Published by New American Library,
a division of Penguin Group (USA) Inc.
ISBN: 9780451226242
Copyright (c) 2007 Celia Lyttleton

SCENT (Part 2 of 5)
======================================

(continued from Monday)

I also wanted to meet the people who contributed to the making of
the scents, from those who harvest the crops to the highly
specialized perfumers who are known as "noses" in the trade. And so
I began what I came to call my olfactory odyssey, or scent trail.

When I was in the thirteenth-century souk in Aleppo I found a scent
made of unguents of lilies mixed with real musk; whenever I wore
it people were rooted to the spot by its stunning smell. Shop
assistants, bus conductors and children sniffed me and people at
parties clustered around me. I have noticed that nowadays perfumers
are returning to the use of natural essences and essential oils
instead of synthetics; in other words they are adopting a more
holistic approach to the making of perfumes. 'Senteurs' recognize
the need people now feel to identify with a smell, rather than being
smothered in, say, a cloud of Poison or Opium.

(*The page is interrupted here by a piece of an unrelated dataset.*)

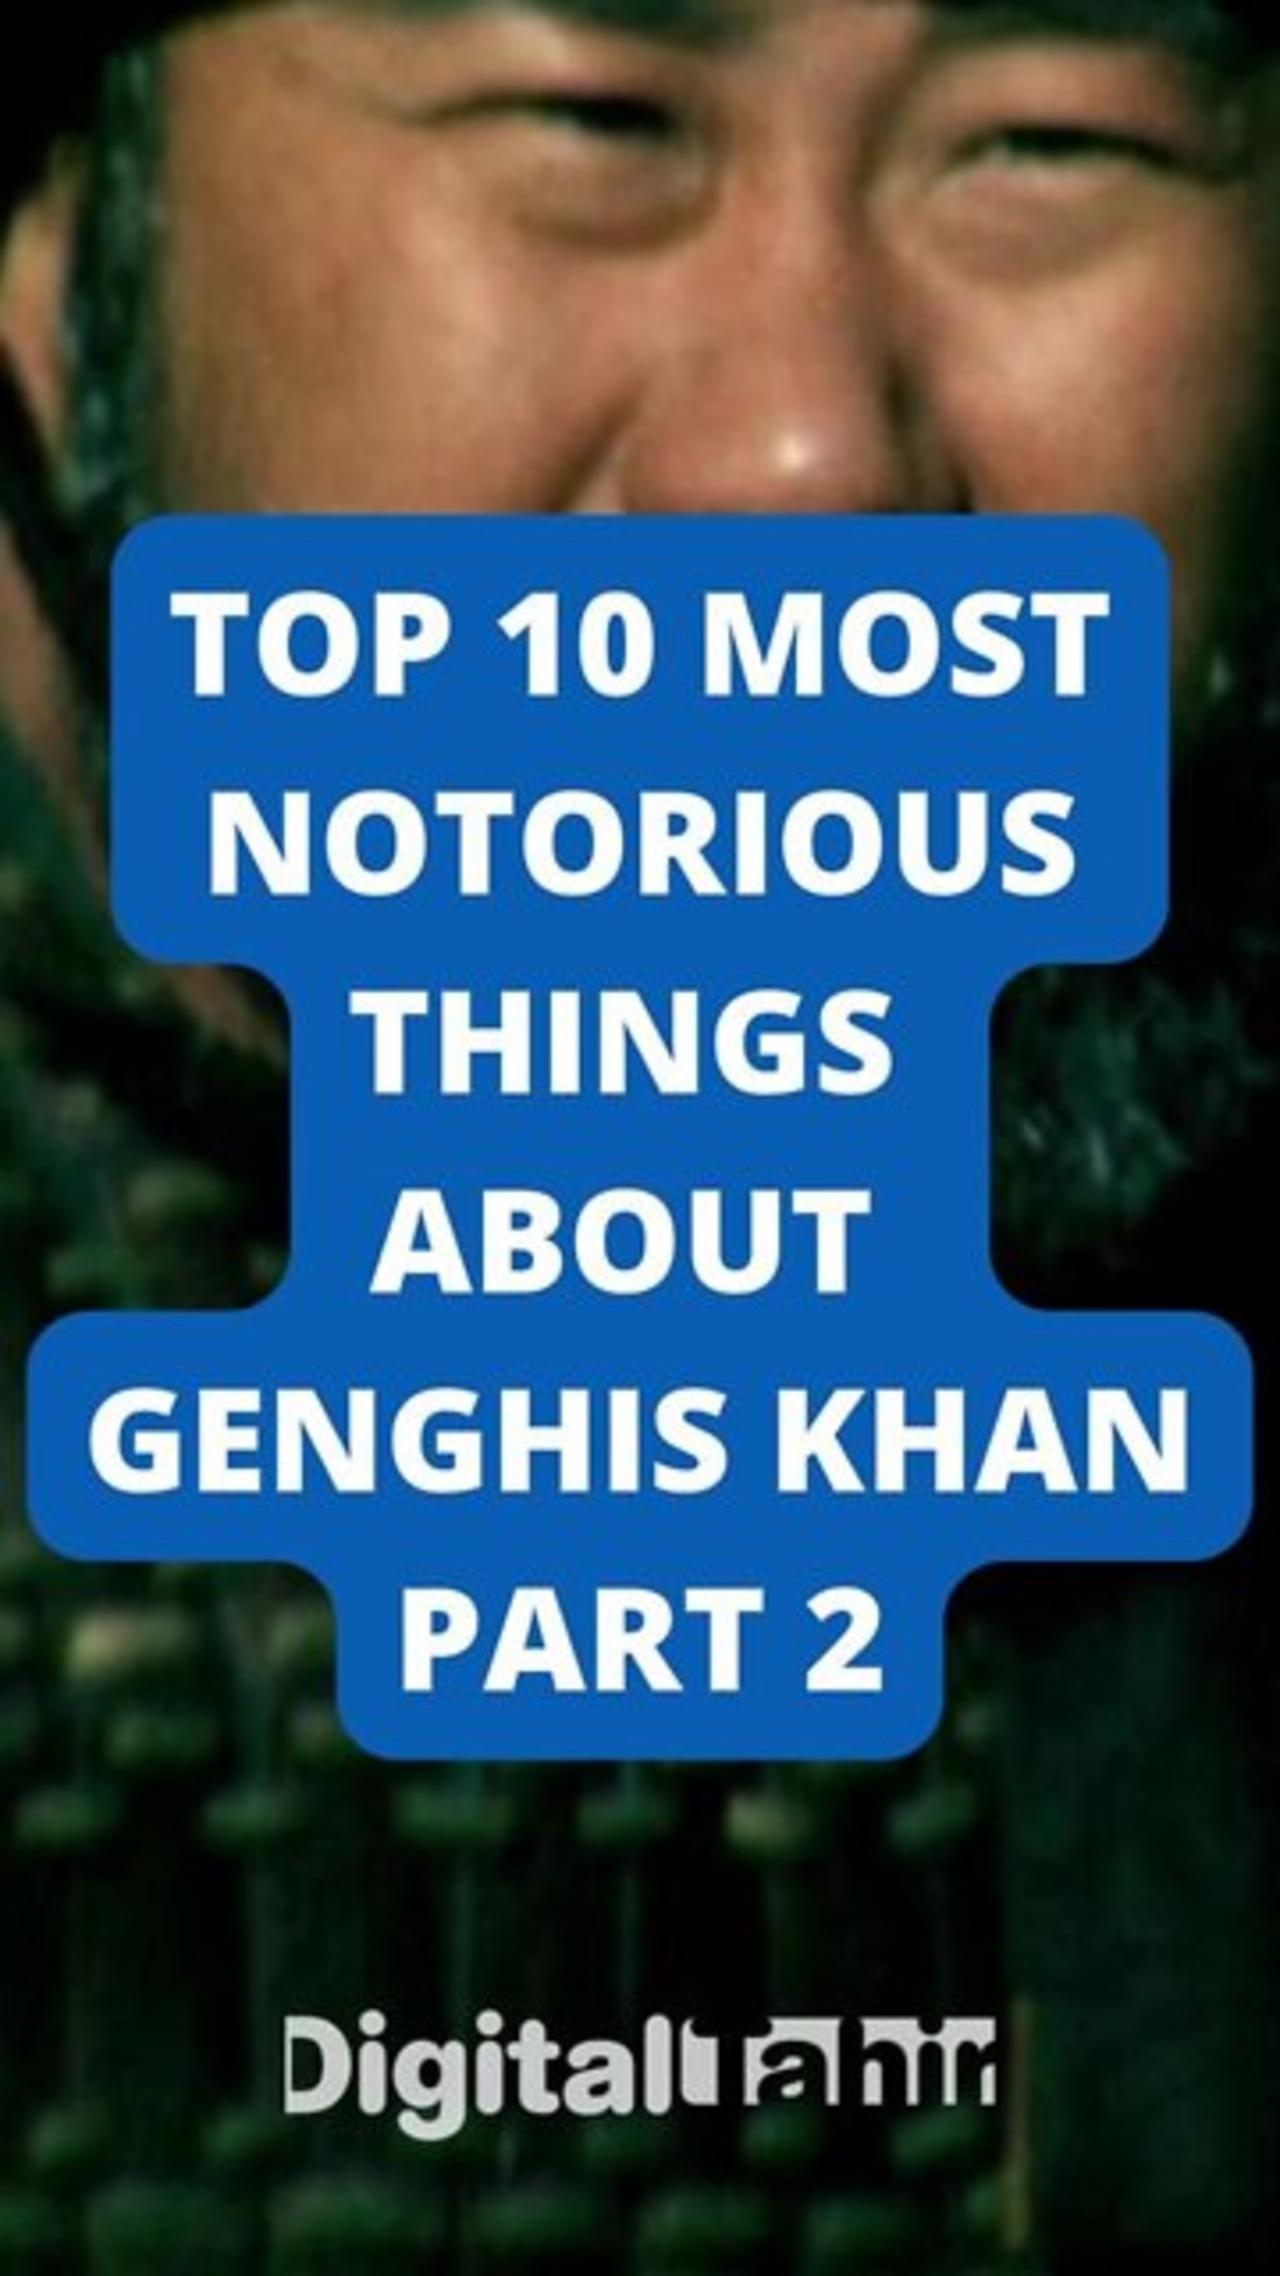 Top 10 Most Notorious Things About Genghis Khan Part 2

Coming onto the market are new scents whose properties are
restorative, calming and relaxing, and aromatherapy reiterates what
the ancients believed about the mind-enhancing power of essential
oils. For example, Tibetan monks burn sandalwood to help them empty
their minds before meditation; lavender has a calming effect on the
mind; and women going into labor often breathe in frankincense to
lessen the pain.

People want a scent which is personal and not packaged; they want
their own "bespoke" scent made to a secret formula just for them.

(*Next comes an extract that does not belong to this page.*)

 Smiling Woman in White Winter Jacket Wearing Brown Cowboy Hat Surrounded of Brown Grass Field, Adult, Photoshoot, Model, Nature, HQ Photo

I felt exactly the same way. So I set off to meet Anastasia Brozler,
a bespoke perfumer, in whose paneled drawing room I began my
olfactory odyssey.


CHAPTER ONE
'THE BESPOKE PERFUMER'
'A Recipe for a Scent'

'He saw that there was no mood of the mind that had not its
counterpart in the sensuous life, and set himself to discover their
true relation, wondering what was there in frankincense that made
one mystical, and in ambergris that stirred one's passions, and in
violets that woke the memory of dead romances, and in musk that
troubled the brain, and in champak that strained the imagination;
and
seeking to elaborate a real psychology of perfumes.'
--OSCAR WILDE "The Picture of Dorian Gray"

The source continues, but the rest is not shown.